Curiosity led me to ask this question.  Thought it would be interesting.  Vote for the best one please.  I can't post all the categories but I will try my best to list the ones I think are most liked by all of us penturners.  I'll start this off by voting for the "Show Off Your Pens Category."  Close Second is "Casual Conversation."  What Do you all think? 
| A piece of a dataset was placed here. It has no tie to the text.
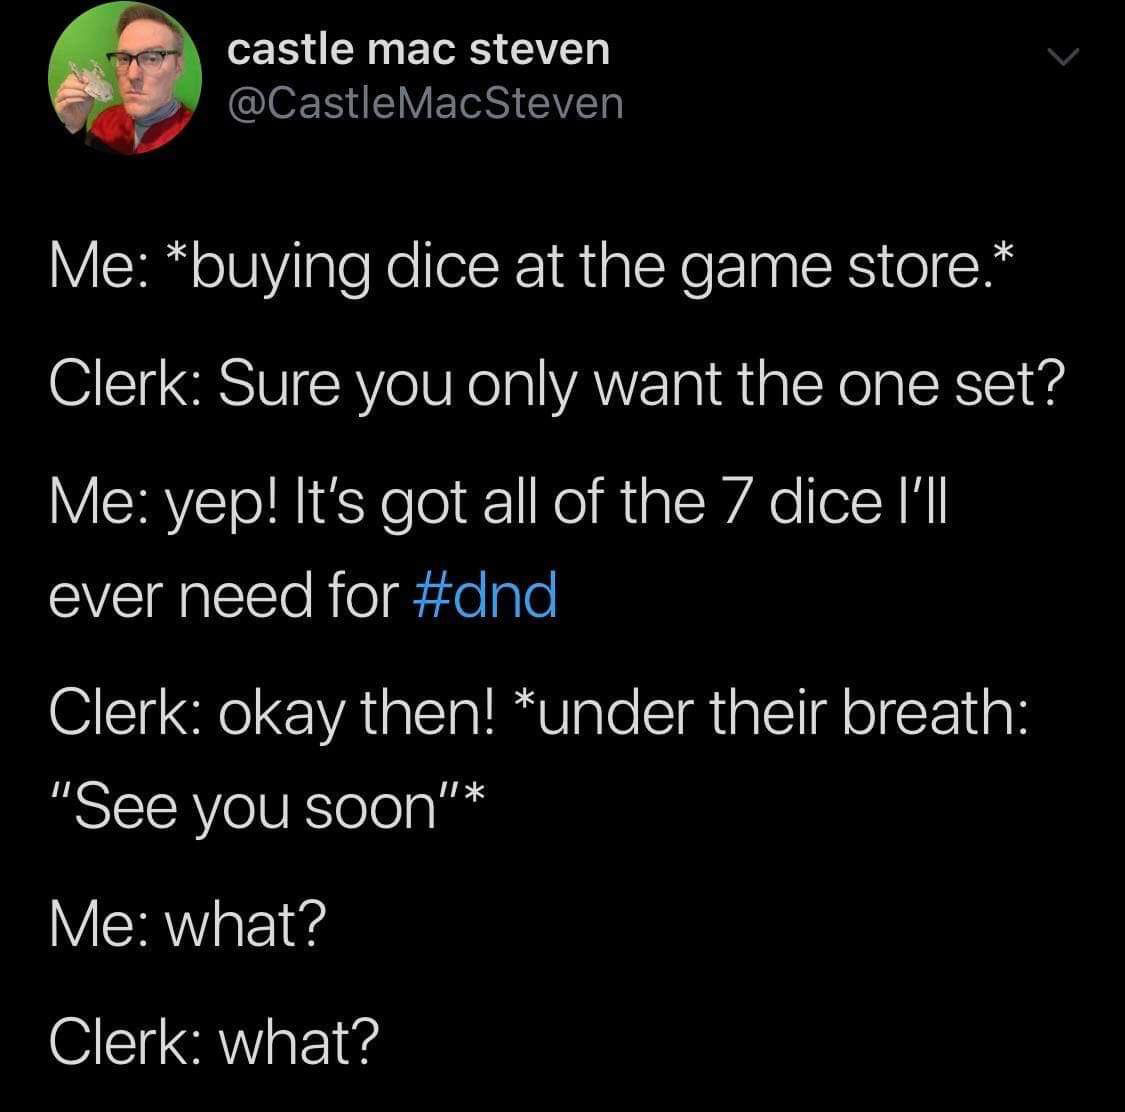 funny memes - cute cats - atmosphere - castle mac steven Mac Steven Me buying dice at the game store. Clerk Sure you only want the one set? Me yep! It's got all of the 7 dice I'll ever need for Clerk okay then! under their breath "See you soon" Me what? C

p.s.  I realize not all the categories are here, if its not here comment about it below.


----------



## coach (Nov 13, 2005)

I cannot vote since it is locked.


----------



## dwpenworks (Nov 13, 2005)

very sorry about that guys and gals I have unlocked it now I think.


----------



## Dario (Nov 13, 2005)

I love pens but like people more...so casual conversation [].


----------



## rtjw (Nov 14, 2005)

The knowledge here is very vast and more than anywhere else, but the everyday laugh I always need comes from Casual Conversation.


----------



## pastorbill1952 (Nov 14, 2005)

I really like the soyp section to see the member's ingenuity but as you say a close second is casual conversation.


----------



## Rifleman1776 (Nov 14, 2005)

Hard to pick one. 'penturning', 'show off' and 'casual conversation' all rank #1 for me.


----------



## MDWine (Nov 14, 2005)

I'm glad that I don't have to pick just one to read, I read each one several times a day!!


----------



## Daniel (Nov 14, 2005)

I had to vote for casual conversation, not a knock to those still really into the penturning threads, and not saying I don't like them. but a lot of those topics start to sound like a broken record after a while. casual conversation has that you never know what you will get thing going for it all the time.
pen photography would be my second as it gets talked about far less so it doesn't get quite so familiar.


----------